Need #4. The Nvidia 3D Vision Kit consisting of the wireless glasses and 'pyramid' shaped transmitter.


Need #5.0 A "Stereo 3D compatible monitor" (CRT, or "Stereo Ready" DLP, or "Stereo Ready" LCD) with the ability to display a personally acceptable resolution at 120Hz or more.

* Technically, you can run the glasses at any Hz rate. But anything lower than 120Hz will be VERY annoying. Running at a low Hz can also produce headaches and increases the risk of inducing a seizure in certain people (i.e. those prone to seizures).


* Personally I like to have 144Hz or more. The higher the Hz, the easier on the eyes it will be. Lower Hz tend to dry out my eyes and make me a bit dizzy.


* Most (if not all) CRT monitors are compatible with the glasses. Refresh rates vary by model, manufacturer and resolution. Its unlikely that a $10 thrift store CRT will be good enough. Many CRTs have very low refresh rates since it makes the monitors cheaper to produce.
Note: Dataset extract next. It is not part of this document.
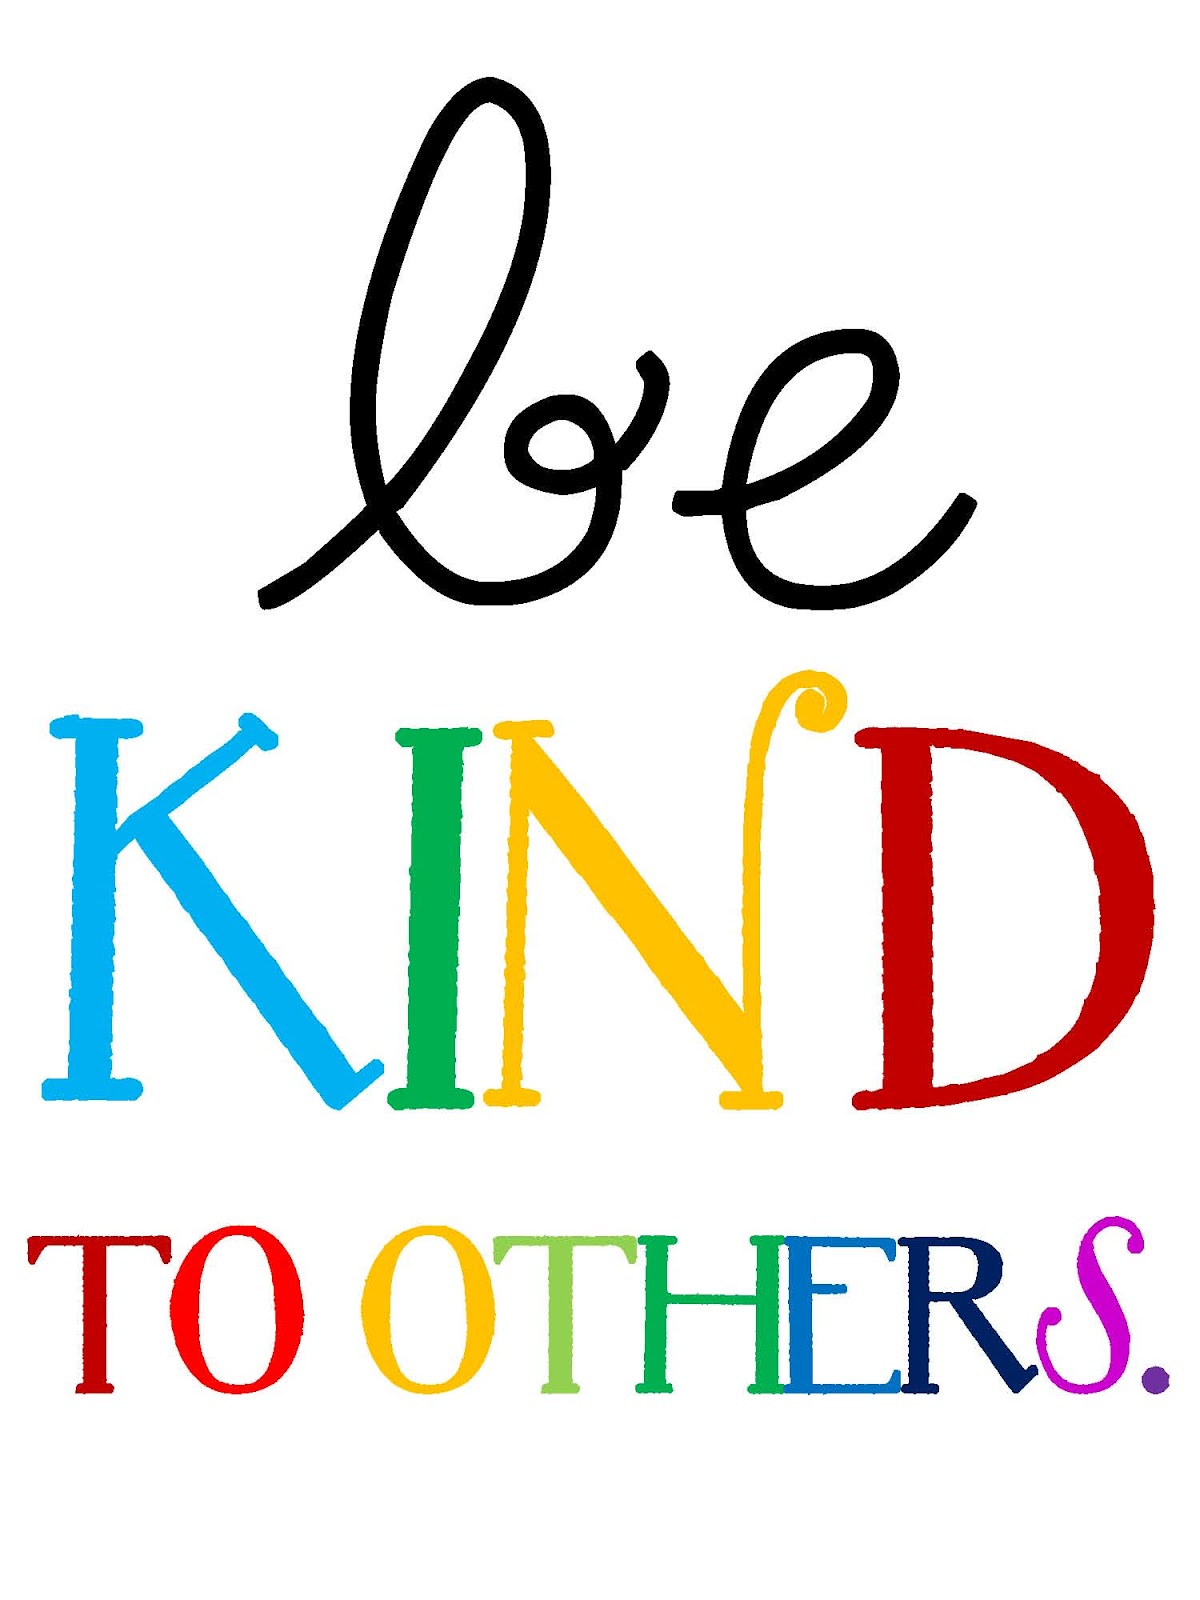 kindness clipart kindness week

Need #5.1 A "Stereo 3D ready" DLP Monitor or Television can be used instead of a CRT.

* I'm pretty sure the DLP monitor must have a VESA connection port. This is for the same reason as noted for LCD Monitors (listed directly below).


* I don't have experience hooking up a DLP monitor or TV. Make sure you research things before you spend your hard earned dough.
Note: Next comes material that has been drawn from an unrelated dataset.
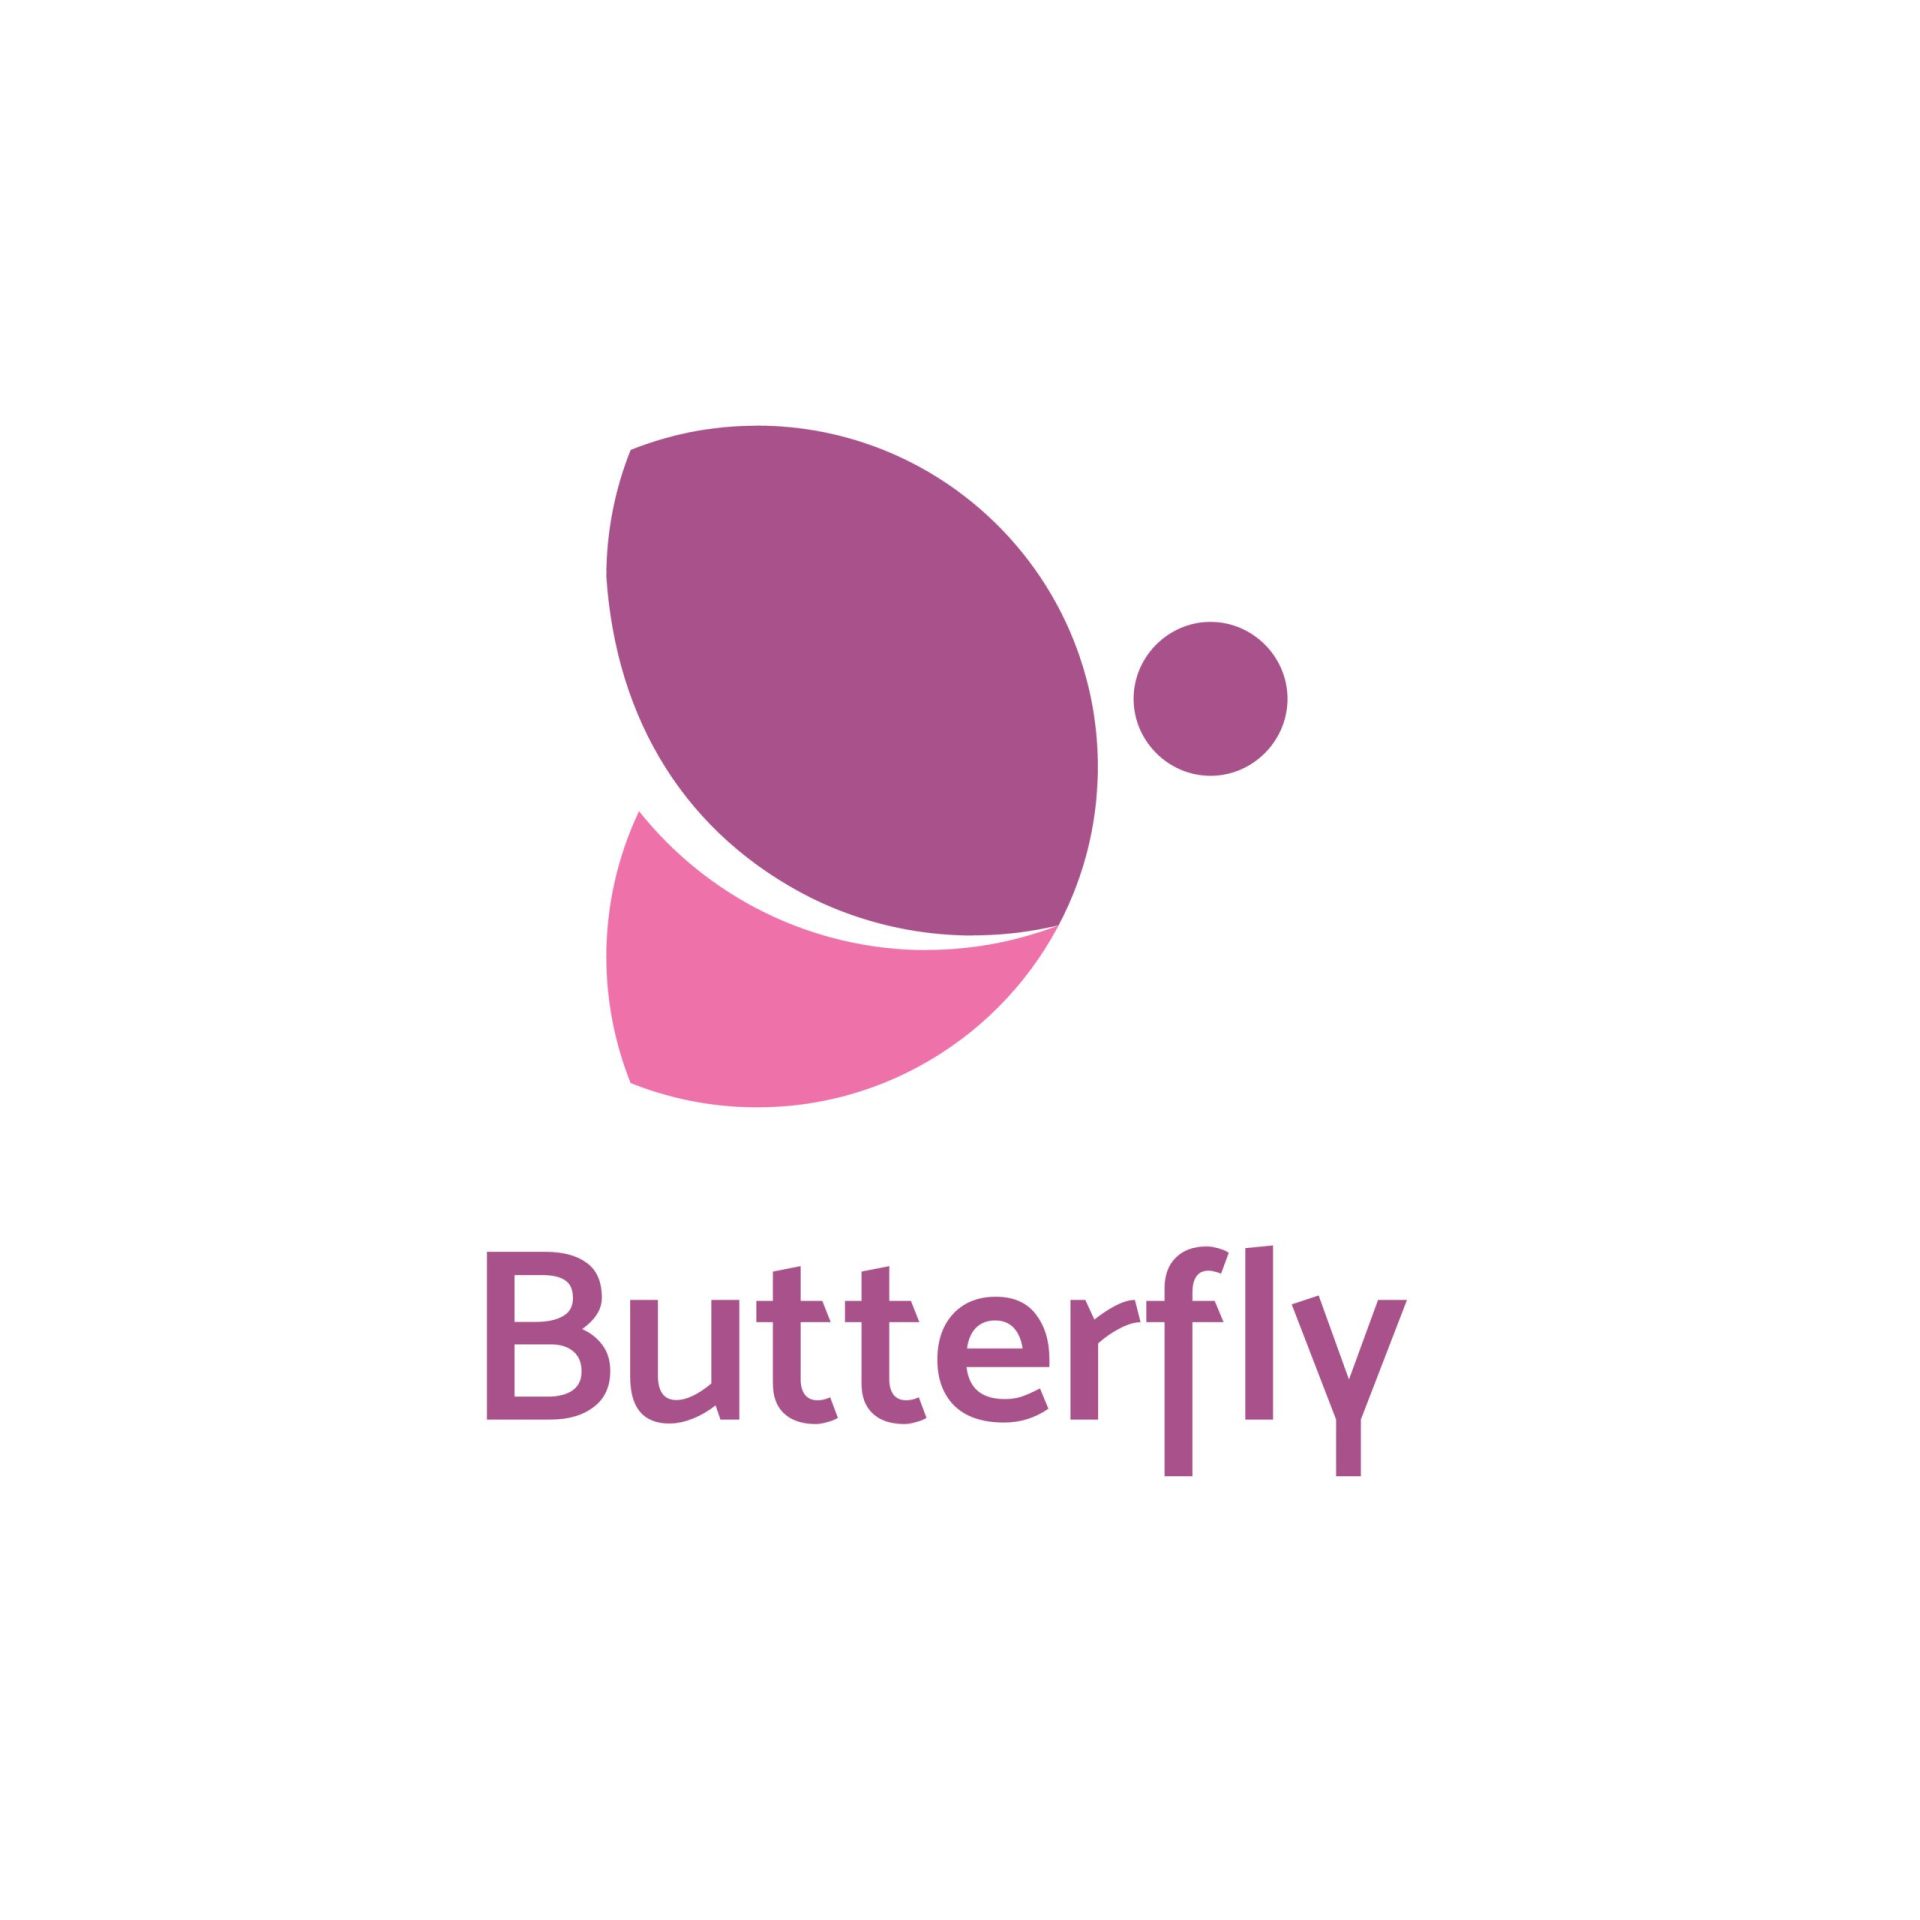 butterfly logo ideas 2

Need #5.2 A "Stereo 3D ready" LCD Monitor, such as the one sold with the Nvidia 3D Vision bundle, can also be used instead of a CRT.

* Note that standard LCD monitors will NOT work. Only LCD monitors with a VESA connection port will work. This is because the pyramid shaped transmitter must be connected to the LCD (or DLP) device in order to tell the monitor how to time the refresh rate.


* I don't have experience hooking up stereo LCD monitors either. Again, make sure you research things before you spend your hard earned dough. Do note that Nvidia sells a stereo 3d ready monitor as part of a bundle (mentioned in an above section).


Need #6 RefreshLock

* RefreshLock is a software program that can be used to force a game to run at a higher Hz such as 120Hz. This is a must for many, if not all, games you want to play in 3D at 120Hz or higher.
In Vista and (I assume Windows 7) RefreshLock must be "run as an Administrator" otherwise it won't work.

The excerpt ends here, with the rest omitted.